Friday, March 25, 2011

Roosting Clunkers

It is an academic and social disgrace that our institutes of higher learning have become so politically and socially degraded. They appear to have laid aside the notion of a university being a forum for the exchange of ideas, imparting and offering the opportunities to discover and to learn and to become educated. A place where knowledge is revered and striven to achieve. Where diverse opinions are respected and debated.

Most certainly not where divisiveness is deliberately and libellously encouraged, where students are targeted for opprobrium because of their social, ethnic, cultural or religious affiliation. And where a stalwart nation which is a practising democracy with a free judiciary in whose universities all its citizens regardless of religion, ideology and ethnicity are free to learn, with mutual respect, is slandered and deligitimized.

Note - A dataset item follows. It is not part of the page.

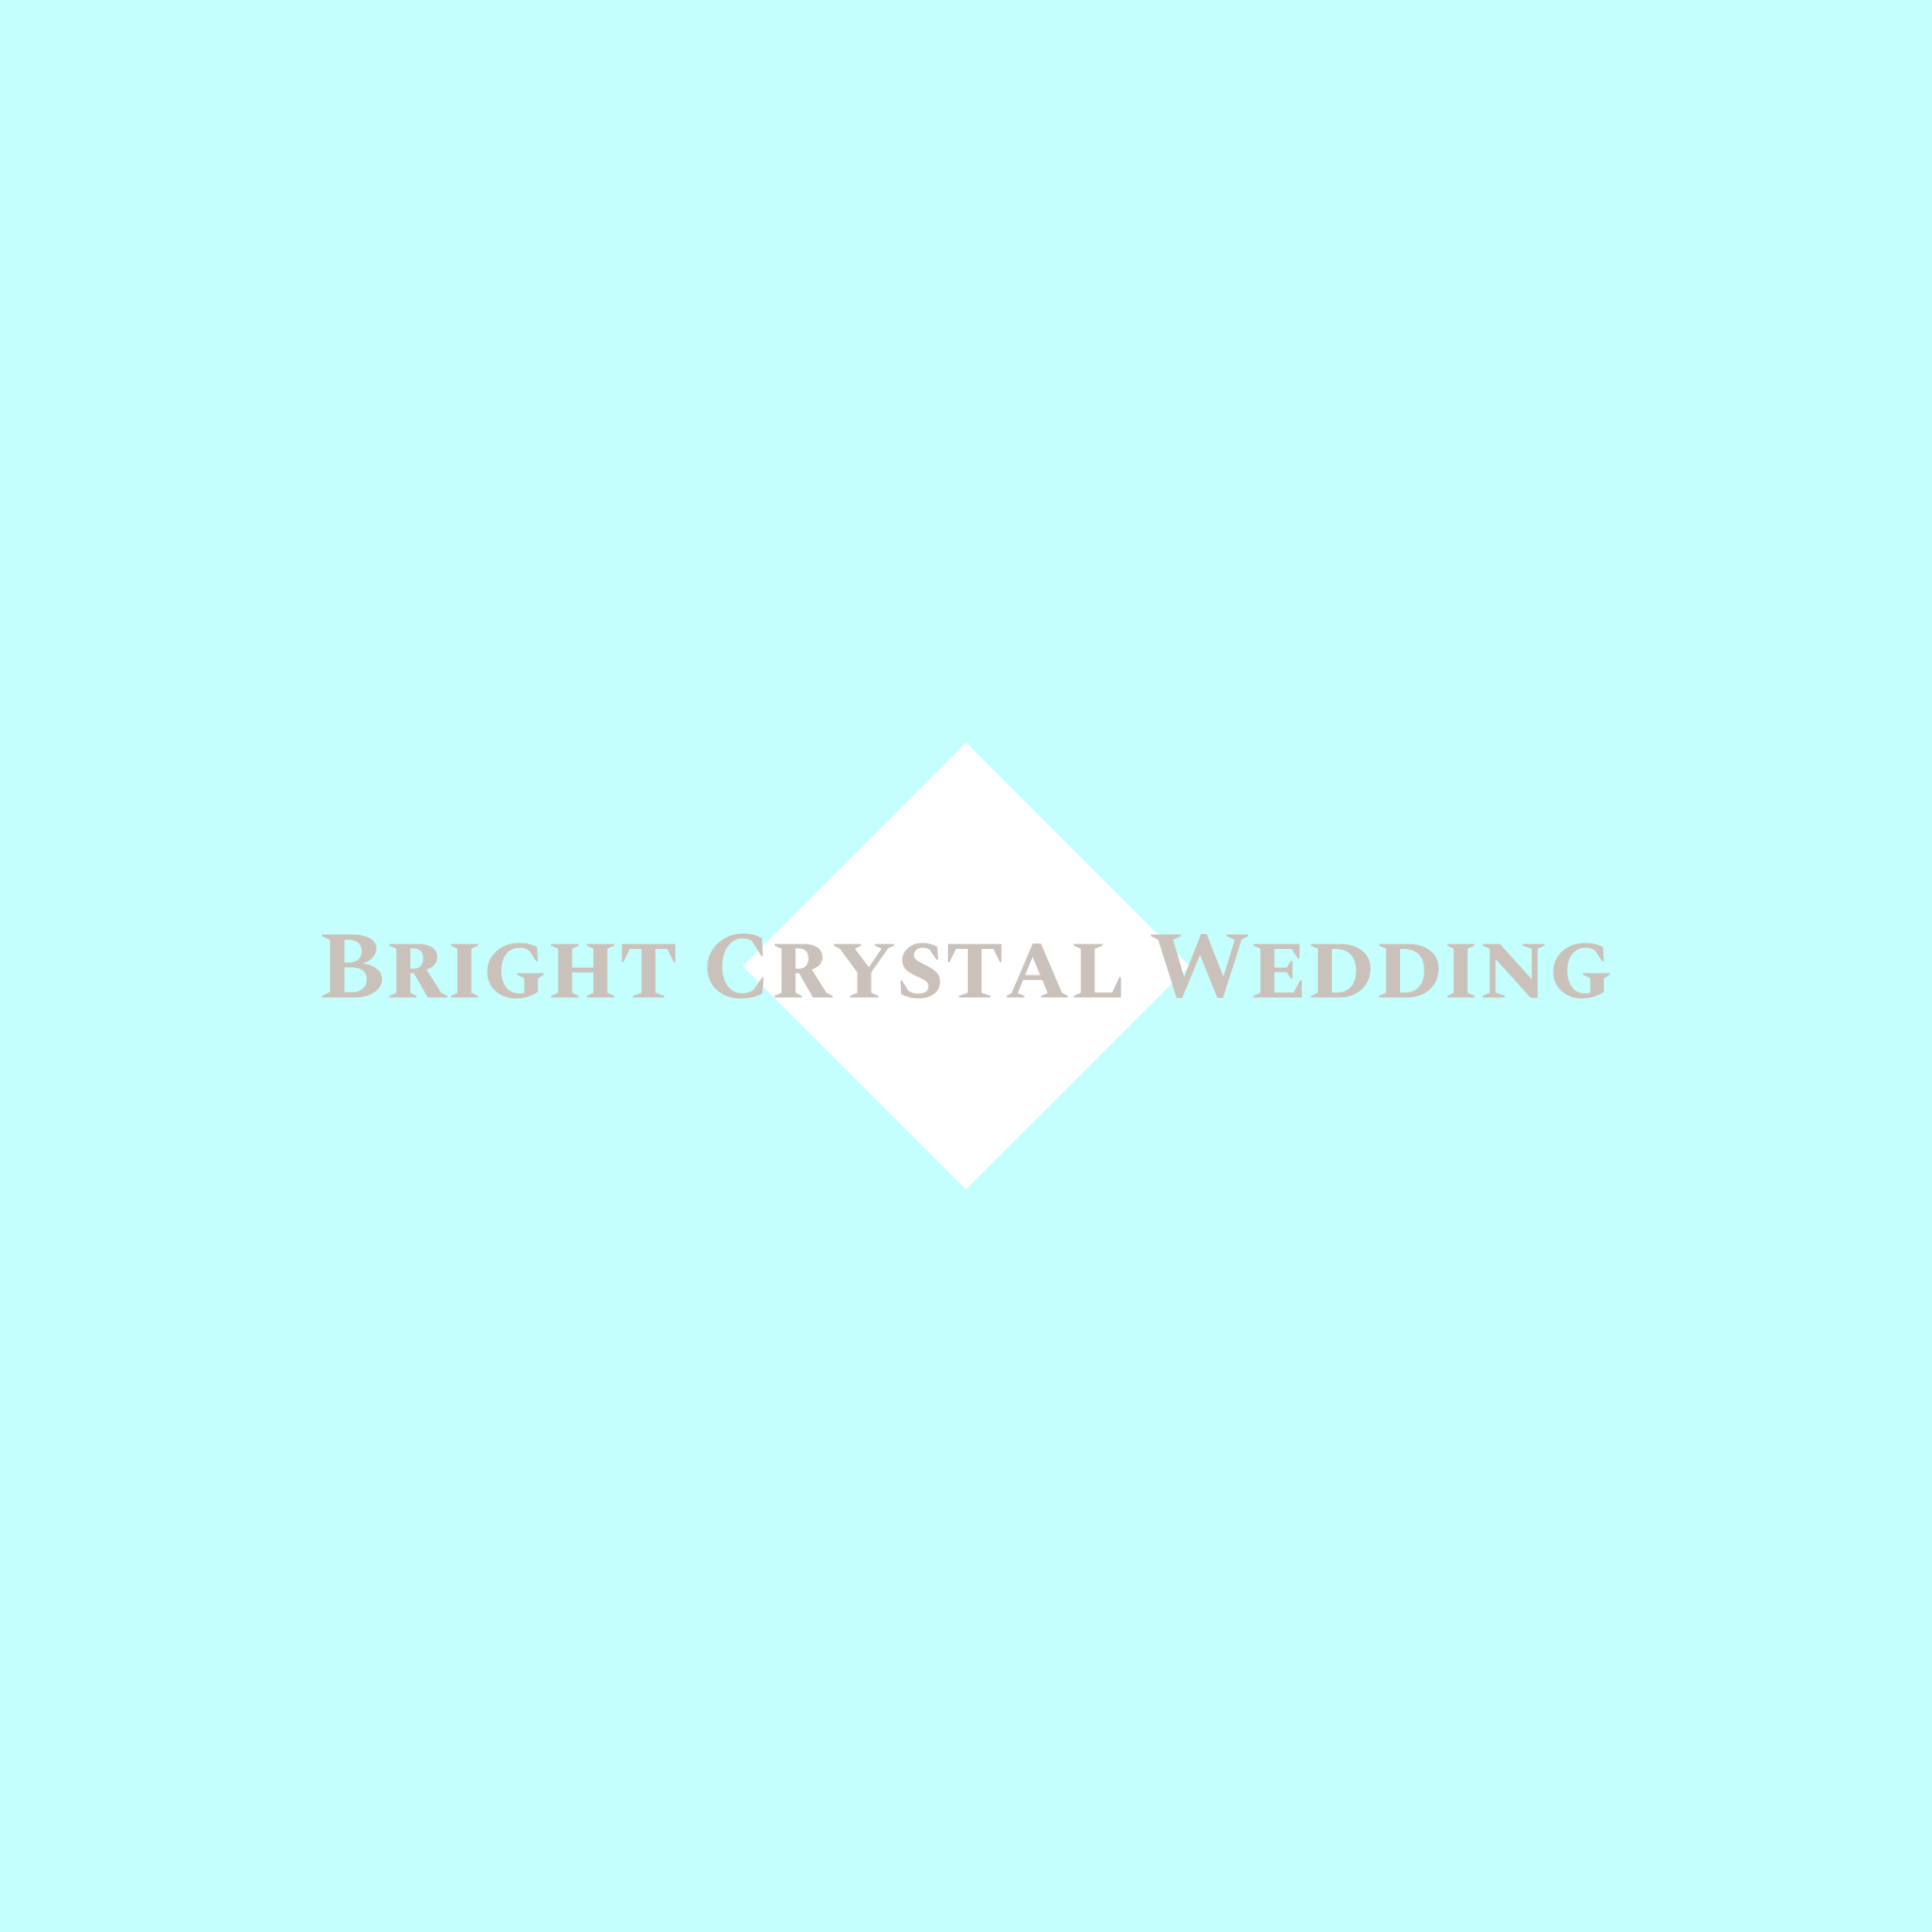 Bright Crystal Wedding

At Kingston's Queen's University when its student-elected rector Nick Day, wrote a scurillous accusation of Israel as a "genocidal" country whose treatment of Palestinians presented as "perhaps the biggest human rights tragedy of my generation" on the web site rabble.ca, he signed off on behalf of the student body that elected him, as rector of Queen's.

His arrogant hyperbole in characterizing a country as beneath contempt, as a nation of genocidairs was not overlooked by the university nor its students. Many of whom no doubt equated genocide with countries like Sudan and Rwanda, Iran and Burma, North Korea and Democratic Republic of Congo, Zimbabwe and Libya whose abuse of their own people through mass slaughter is not unknown.

Some members of the student body set about collecting signatures for a referendum to which 72% of eligible undergraduate voters affixed their names. In the interests of expressing their opposition to Nick Day's continuation as the university rector. A whelming enough number to represent the majority who took offence at the man's hubris in speaking on their behalf to express an indelible hatred.

The University Council will now take the results of the referendum under advisement. They will make a decision whether or not to divest this man of the position he was voted to hold. The message is clear enough; many of those who originally voted for him have expressed their lack of confidence in Nick Day to represent their best interests, let alone their concerns.

If he is divested of his position he will be free to continue his hate-fests. He was free to take part in these deviously divisive celebrations of hatred in any event, but as a private citizen committed to expressing and extending a ferocious hatred toward an entire country, and that without taking into account having adequate knowledge about what it is he detests.

If he is permitted to remain in the position of rector, it will not reflect well on the decision-making capabilities of the University Council, but it will be their decision to make. At the very least, he and they will know of a certainty that the smear campaign and the hatred expressed toward Israel and Jews is not as universally accepted as he appears to feel it is.